Lu pour vous - 25.03.2011

Goulag et Démocratie

« Je suis un historien, je ne suis pas  un passeur de pommade ». Le  grand penseur et historien tunisien, Mohamed Talbi a tenu, d’emblée, à nous avertir : il ne faut pas compter  sur lui pour faire dans la nuance,  ni pour user de circonlocutions s’agissant d’un régime « qui a fait de la Tunisie un  goulag ». Son réquisitoire contre Ben Ali et le Changement « maudit» sera d’autant plus implacable qu’il sera solidement argumenté. L’ouvrage, achevé en septembre 2007, à mi-chemin entre l’autobiographie et le livre d’histoire,  intitulé « Goulag et Démocratie » sera refusé par toutes  les grandes maisons d’édition étrangères comme le Seuil, Albin Michel, Fayard, Plon, ce qui en dit long sur la conspiration du silence dont a bénéficié Ben Ali pendant 23 ans. De guerre lasse, M. Talbi le lancera sur internet sous le titre… « Le rap dans la musique moderne » avant d’être effacé par qui vous imaginez. L’auteur dut attendre le départ de Ben Ali pour le publier en février « à compte d’auteur », précise t-il. Il a tenu  à ce que le livre conserve son caractère de document historique, « je l’ai écrit pour l’histoire », note t-il.

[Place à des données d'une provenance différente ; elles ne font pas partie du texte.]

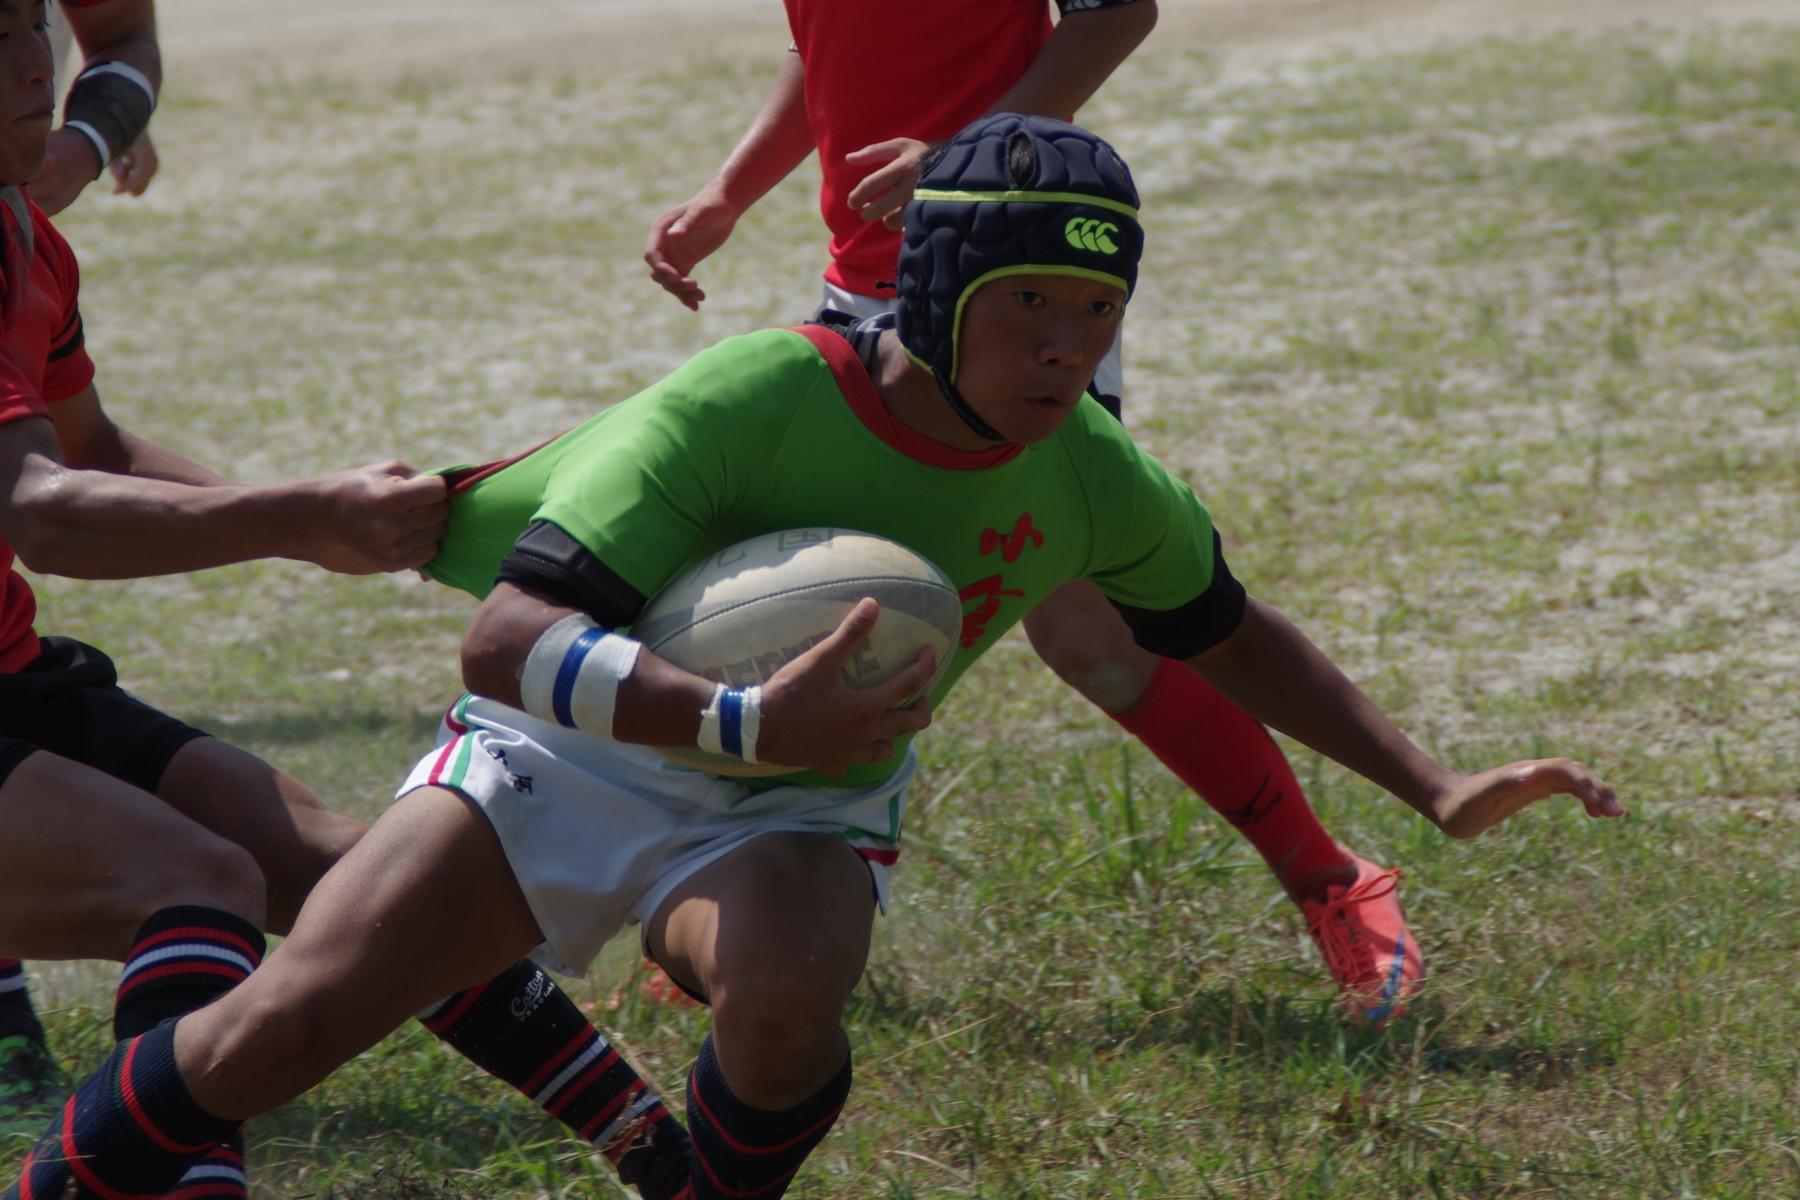 http://kokura-rugby.sakura.ne.jp/180806_104240_0109.jpg

Comme tous les Tunisiens, Mohamed Talbi a vécu le 7 Novembre comme une délivrance. Comme la plupart des Tunisiens, il finira par déchanter au bout de quelques mois. Dès lors, il entrera en dissidence et n’aura de cesse de dénoncer les pratiques du régime.  « Ben Ali, écrit-il avait promis la démocratie. Il aggrava la dictature et fit da Tunisie un goulag, un pays où il est plus facile d’introduire de la drogue qu’un livre qui fait penser ».  Il décoche quelques flèches à Bourguiba qui «fit incontestablement la Tunisie moderne, mais ne fit pas la démocratie ». Plus grave encore, »il fut « le premier artisan de la plus néfaste des dictatures ». Il s’attarde sur ce que la Boétie appelait « la servitude volontaire » des Tunisiens, « la trahison des clercs », « l’asphyxie de l’esprit ». Il appelle de ses vœux « le réveil des Tunisiens de leur catalepsie »  et les incite à réagir en « citoyens responsables »,  tout en invitant les jeunes à ne pas céder « aux tentations de la violence, car la violence fait toujours le lit d’une nouvelle dictature ».

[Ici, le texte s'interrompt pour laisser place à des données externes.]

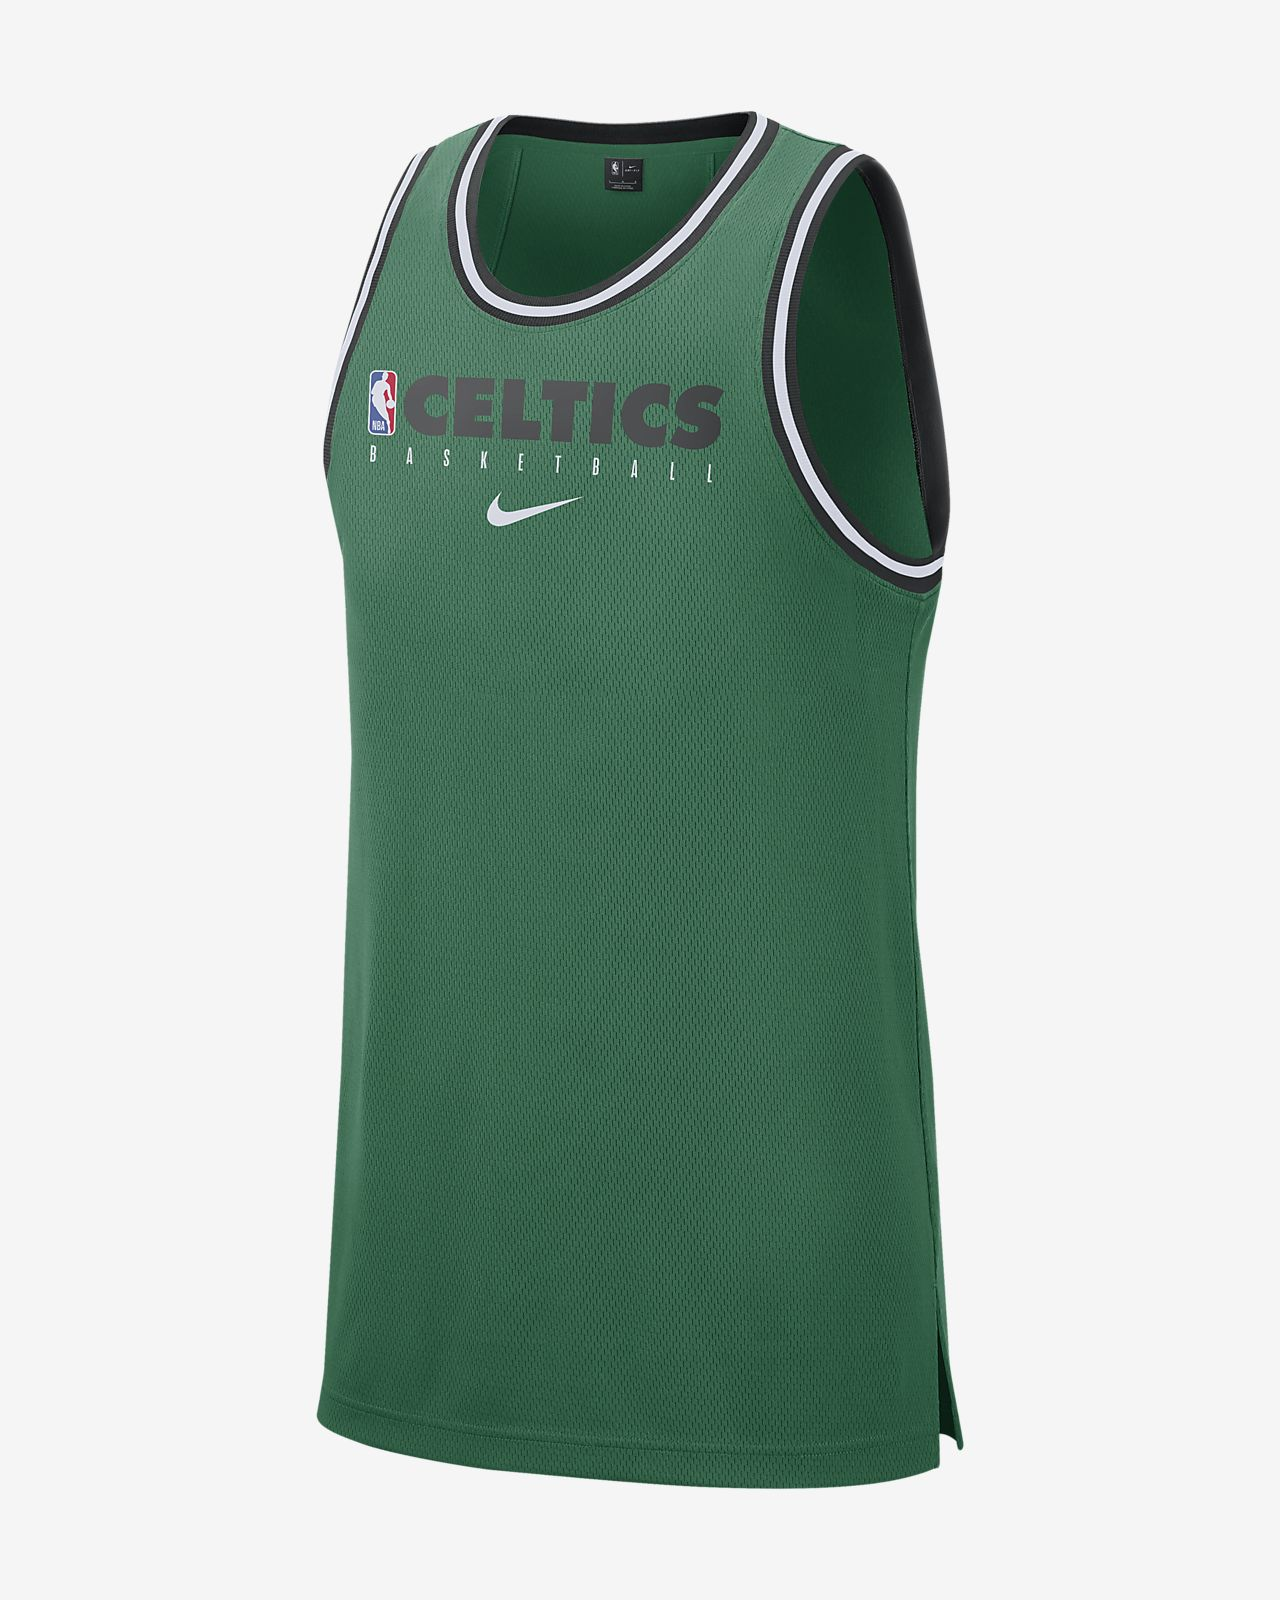 Męska koszulka bez rękawów NBA Boston Celtics Nike Dri-FIT

La première cyber-révolution  de l’Histoire

Souvenons-nous, en septembre 2007, lorsque le livre est sorti sur internet, le pays s’apprêtait  à célébrer en grande pompe le XXe anniversaire du 7 novembre.  Ben Ali régnait en maître absolu sur un pays où l’opposition était réduite  à un rôle décoratif, la Ligue des Droits de l’Homme,  complètement muselée, les rares opposants, objet de tous les harcèlements et tracasseries possibles et imaginables (filatures, poursuites judiciaires, tortures psychologiques et physiques) dans l’indifférence quasi générale. Désabusé, Talbi commente : « aujourd’hui, mon pays est sans valeurs morales. Il est un désert d’indifférence et d’égoïsme. Sauf miracle en Tunisie, la liberté, ce n’est pas demain la veille ». Il persiste et signe quelques pages plus loin : « sauf intervention d’un facteur impondérable, la Tunisie n’a aucune chance d’accéder à brève échéance à la démocratie » avant de se rattraper : « Il faut attendre que la  génération émasculée par Bourguiba et Ben Ali, son fils en politique disparaisse dans la honte  et qu’une autre génération, celle de notre jeunesse, échappant à l’humiliation et l’asservissement la remplace (…)  La démocratie, c’est notre jeunesse qui la fera ». Enfin, il s'en prend à ceux qui invoquent une spécificité tunisienne pour justifier les scores soviétiques aux élections et les atteintes aux droits de l'homme.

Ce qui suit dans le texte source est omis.